KE5106 - Web scraping

In this assessment, we are going to scrap hungrygowhere and foursquare for restaurants and reviews data. The data will be store in MongoDB.

Pre-requisites

Initial setup

Install python libraries by running:

pip install -r requirements.txt

How to run

Notes: Scripts need to be run in this sequence.

1 - Hungrygowhere

Go to ./1-hungrygowhere/ folder.

1. Locate your phantomjs or chromedriver
2. Open hungrygowehere.py
3. Go to `get_browser` function and update location of phantomjs or chromedriver accordingly.

Run script by running:

python hungrygowhere.py

Additional configuration can be seen in config.py.

2 - Foursquare

We need to register for Foursquare API to run this script. Free account can call the API 50-500 times a day. Premium account is needed to scrap the whole data.
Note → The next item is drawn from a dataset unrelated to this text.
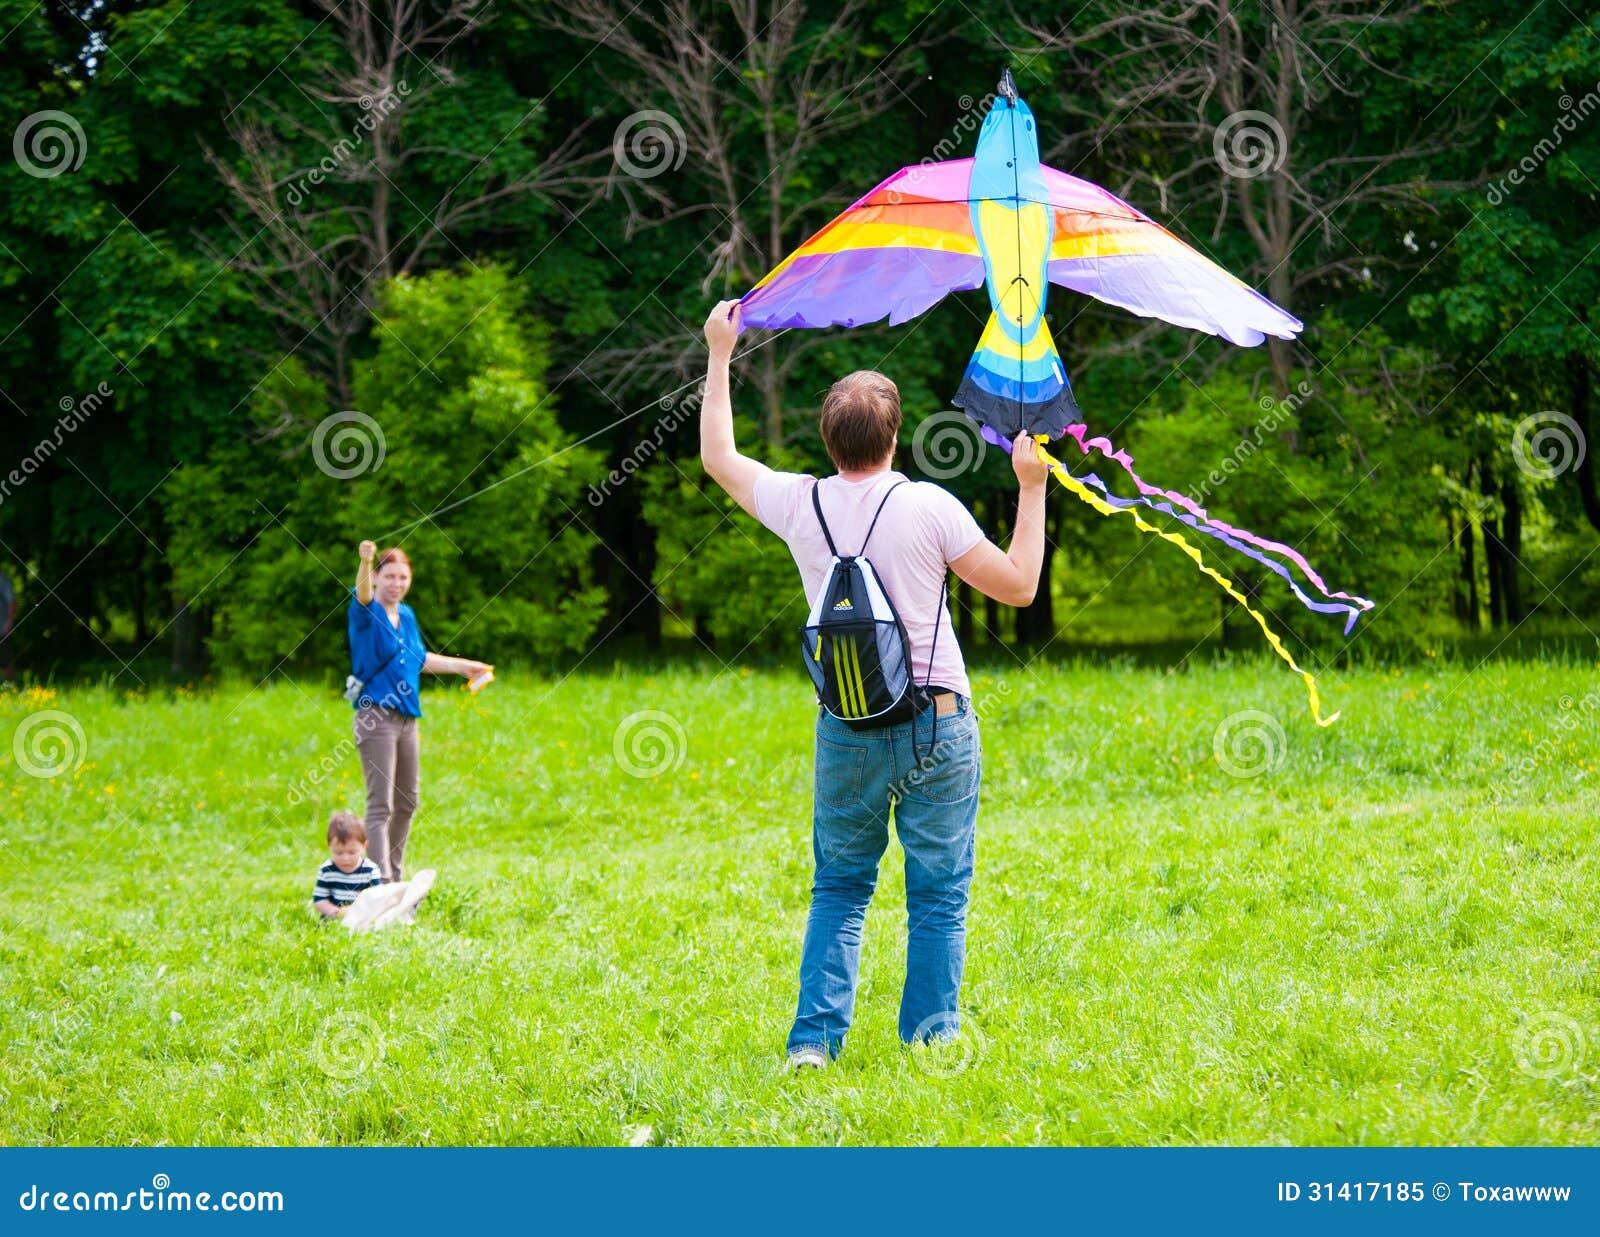 Kite Festival E...

More details can be seen here.

Go to ./2-hungrygowhere/ folder.

1. Open config.py
2. Update CLIENT_ID and CLIENT_SECRET with your foursquare account CLIENT_ID and CLIENT_SECRET.

Run script by running:

python foursquare.py

Additional configuration can be seen in config.py.

3 - Merge hungrygowhere and foursquare

Go to ./3-merge/ folder.

Run script by running:

python merge.py

Additional configuration can be seen in config.py.

4 - Sentiment analysis on reviews

Go to ./4-sentiment-analysis/ folder.

Run script by running:

python sentiment_analysis.py

Additional configuration can be seen in config.py.